You are viewing a plain text version of this content. The canonical link for it is here.
Posted to user@zookeeper.apache.org by mufc_fan <ra...@gmail.com> on 2014/08/18 07:55:06 UTC

zookeeper in hadoop

I am new to zookeeper and from the documentation I learnt that "zookeeper is
a sub-project of hadoop". so zookeeper must be used in hadoop. Can any one
share their knowledge how zookeeper is used in hadoop with simple example.



--
View this message in context: http://zookeeper-user.578899.n2.nabble.com/zookeeper-in-hadoop-tp7580179.html
Sent from the zookeeper-user mailing list archive at Nabble.com.

RE: zookeeper in hadoop

Posted by Rakesh R <ra...@huawei.com>.
>>>>>> what my doubt is from documentation if namenode maintains an persistent session and the created node will not be deleted and how will it trigger standby namenode"

HDFS community is the right place to query this doubt. 
As I know NN uses ephemeral znodes to handle machine crashes and triggers watch event for switching standby to active.

Regards,
Rakesh

-----Original Message-----
From: mufc_fan [mailto:rajeshkumarit8292@gmail.com] 
Sent: 18 August 2014 14:39
To: zookeeper-user@hadoop.apache.org
Subject: RE: zookeeper in hadoop

thank u for ur response...I have one doubt..In name node high availability, from documentation, it  states that "each of the NameNode machines in the cluster maintains a persistent session in ZooKeeper. If the machine crashes, the ZooKeeper session will expire, notifying the other NameNode that a failover should be triggered"
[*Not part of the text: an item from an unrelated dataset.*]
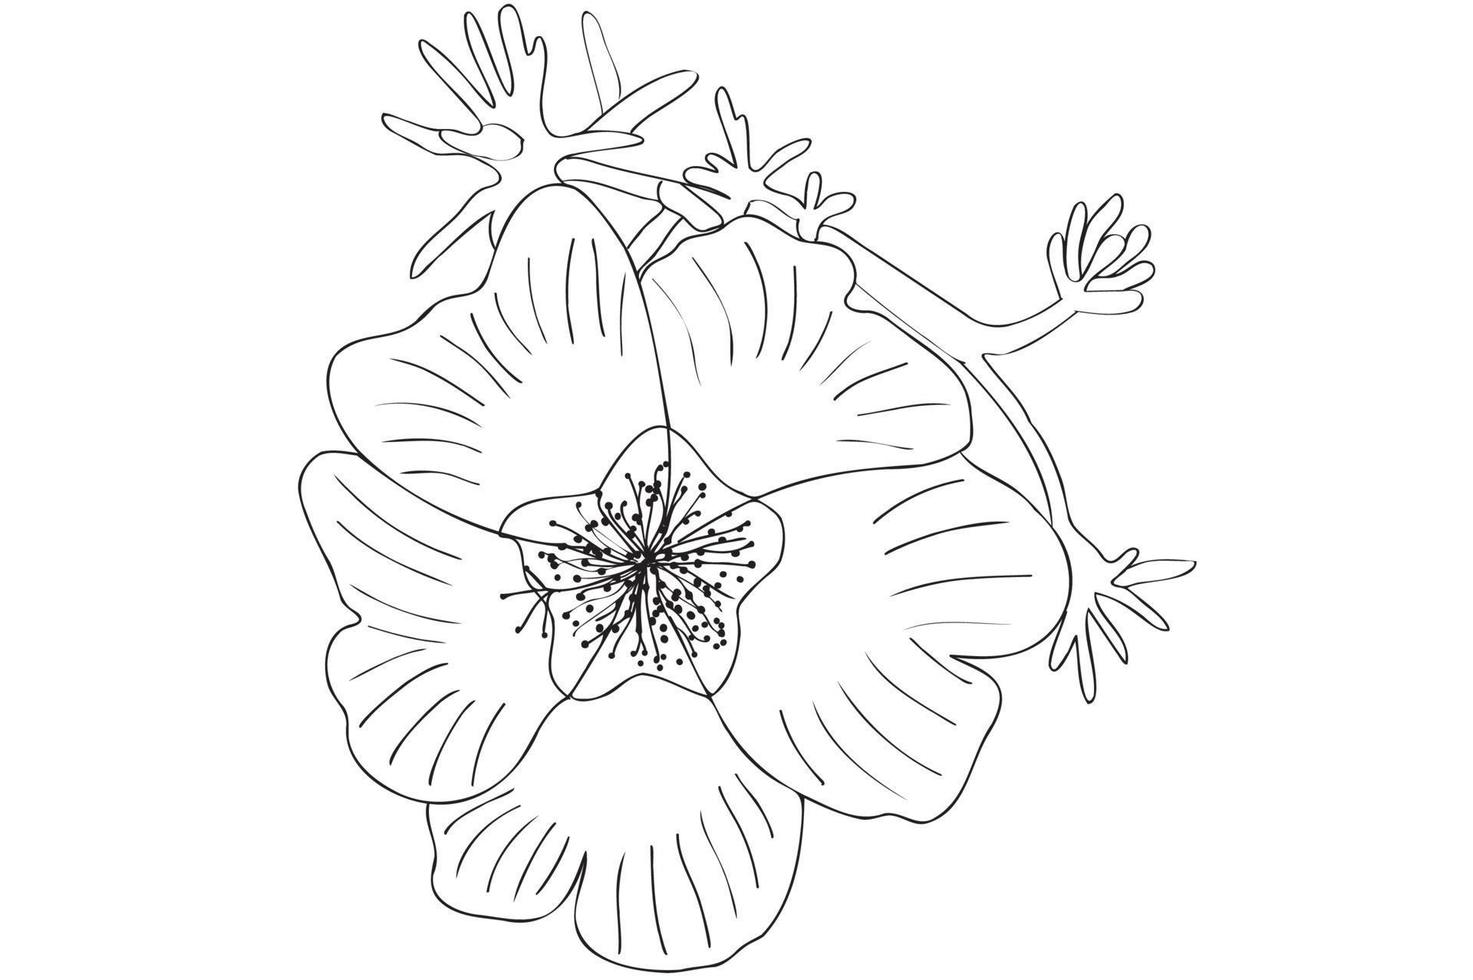 svart och vit vektor blomma, linjekonst, kontur blomma illustration, blomteckning med svart tunn kontur linje isolerad på vit bakgrund.

According to my knowledge "if namenode creates an ephemeral node in zookeeper, when the machine crashes the node gets delete which triggers the watch event so that standby name node creates new ephemeral seesion with zookeeper and becomes new namenode". 

what my doubt is from documentation if namenode maintains an persistent session and the created node will not be deleted and how will it trigger standby namenode"



--
View this message in context: http://zookeeper-user.578899.n2.nabble.com/zookeeper-in-hadoop-tp7580179p7580184.html
Sent from the zookeeper-user mailing list archive at Nabble.com.

RE: zookeeper in hadoop

Posted by mufc_fan <ra...@gmail.com>.
thank u for ur response...I have one doubt..In name node high availability,
from documentation, it  states that "each of the NameNode machines in the
cluster maintains a persistent session in ZooKeeper. If the machine crashes,
the ZooKeeper session will expire, notifying the other NameNode that a
failover should be triggered"

According to my knowledge "if namenode creates an ephemeral node in
zookeeper, when the machine crashes the node gets delete which triggers the
watch event so that standby name node creates new ephemeral seesion with
zookeeper and becomes new namenode". 

what my doubt is from documentation if namenode maintains an persistent
session and the created node will not be deleted and how will it trigger
standby namenode"



--
View this message in context: http://zookeeper-user.578899.n2.nabble.com/zookeeper-in-hadoop-tp7580179p7580184.html
Sent from the zookeeper-user mailing list archive at Nabble.com.

RE: zookeeper in hadoop

Posted by Rakesh R <ra...@huawei.com>.
Hi,

AFAIK following are few cases where ZK is used in Hadoop & BookKeeper components.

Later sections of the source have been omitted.